Meus olhos foram se acostumando com a meia luz iluminada por algumas pequenas velas que decoravam o ambiente. Na cama, ao lado das taças e da garrafa de Champagne, um enorme coração desenhado com pétalas vermelhas e nossas iniciais dentro me deixaram boquiaberta.
Ela colocou a nossa trilha sonora para enaltecer ainda mais o momento, abriu a Champagne me convidando a um brinde e me tirou para dançar. “Que nunca mais venhamos a nos separar, meu amor. Prometo te fazer a mulher mais feliz do mundo daqui por diante”, garantiu.
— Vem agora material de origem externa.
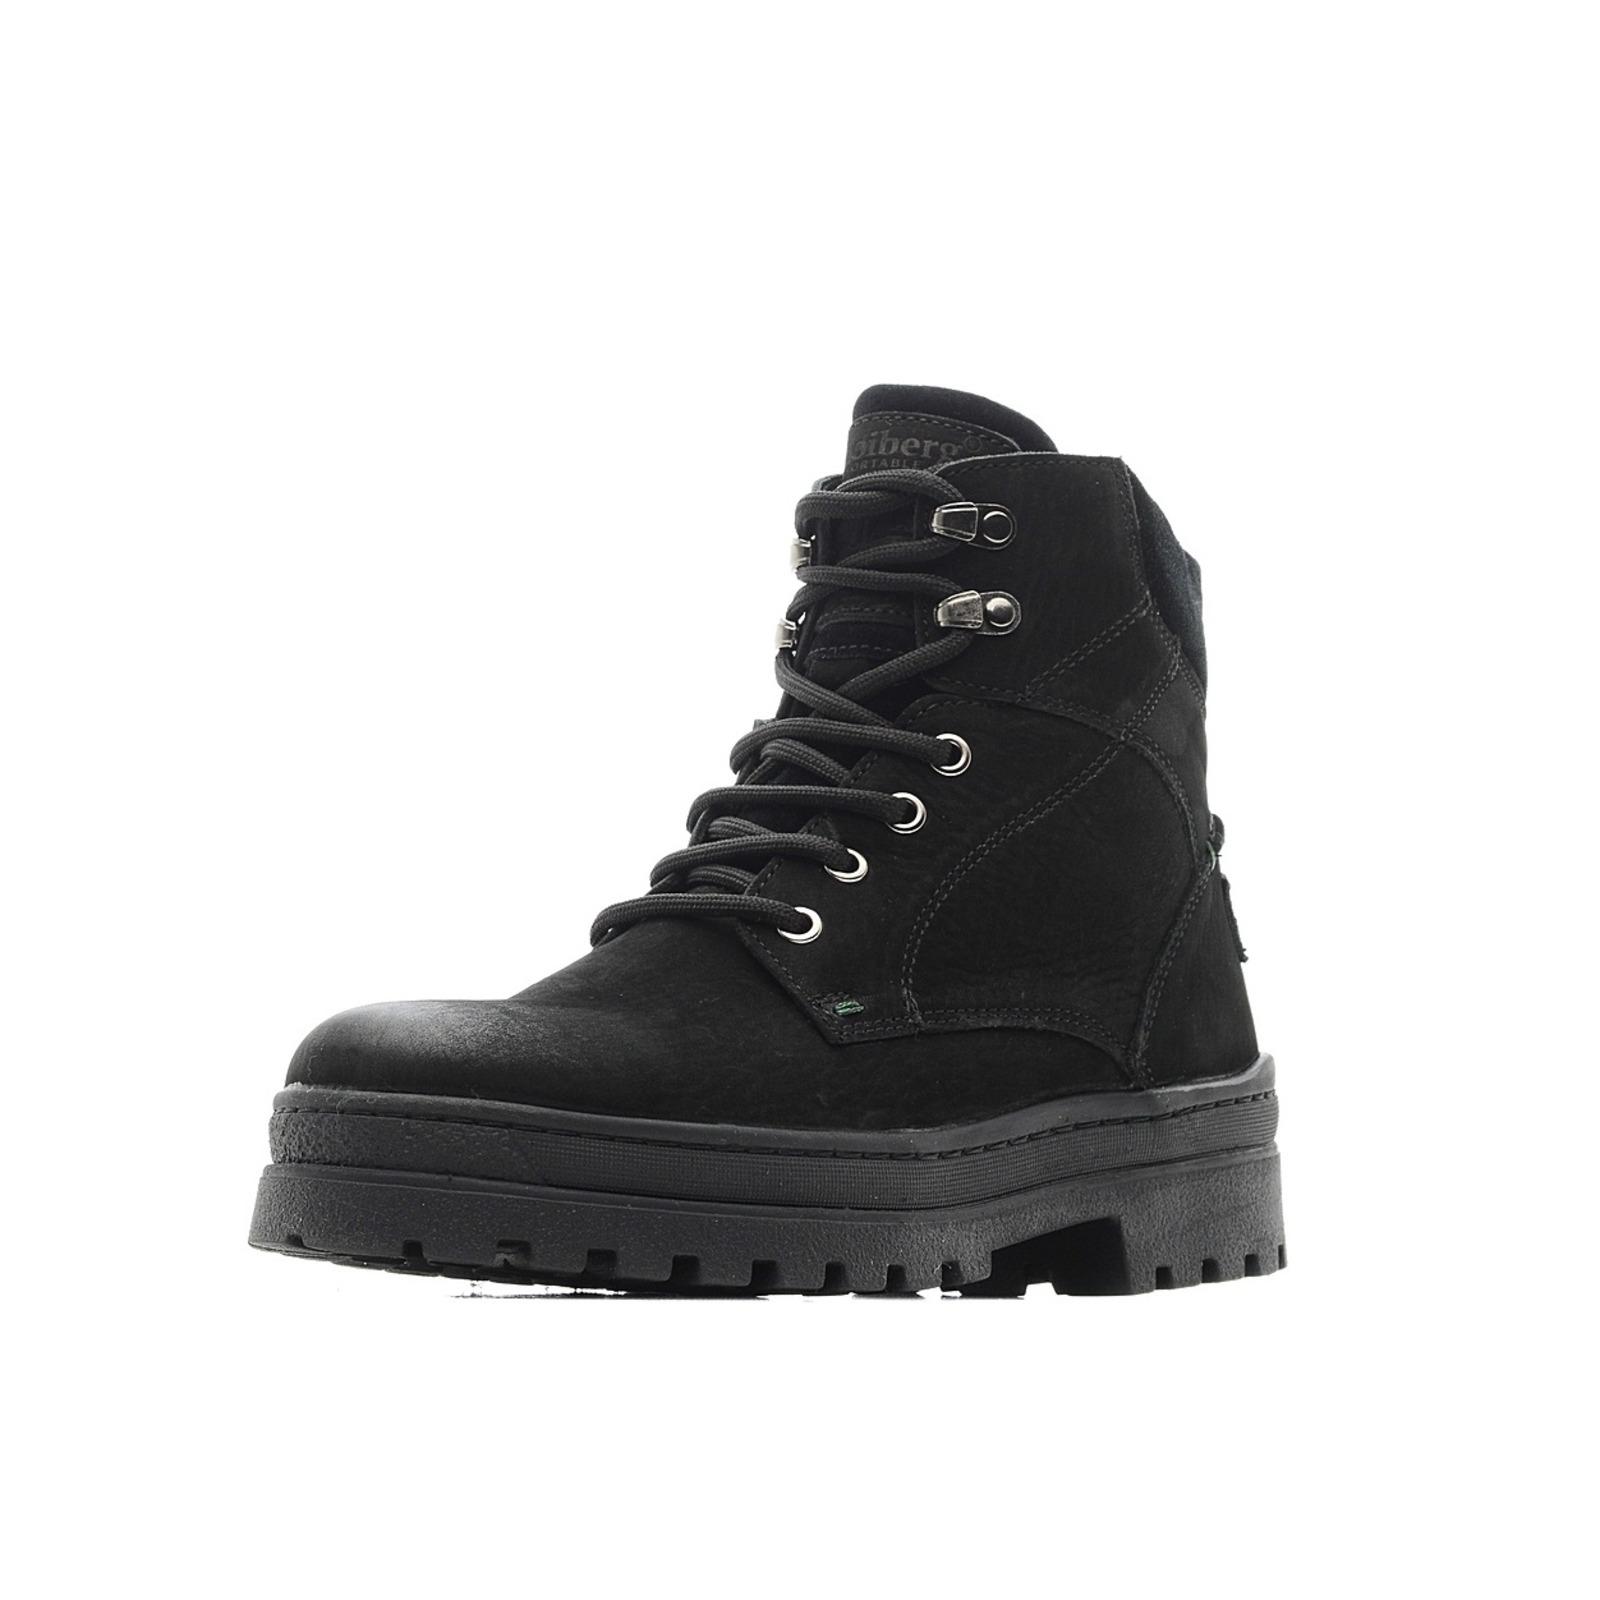 Высокие зимние ботинки на толстой подошве

Fizemos amor por longas horas, como era antigamente. Ela ainda guardava na memória cada canto do meu corpo e houve mais cumplicidade do que nunca. Percebemos que o sentimento que nos uniu um dia não morreu, apesar da separação dolorosa. Exercitamos o perdão e compreendemos que o amor supera as diferenças que, muitas vezes, nós mesmos imputamos ao outro com quem convivemos.
Quando existe amor verdadeiro, passa o tempo, passa a dor, vem o perdão e compreendemos que um relacionamento é feito de cessão em via dupla. Que o amor reine incondicionalmente em nossos corações e lares.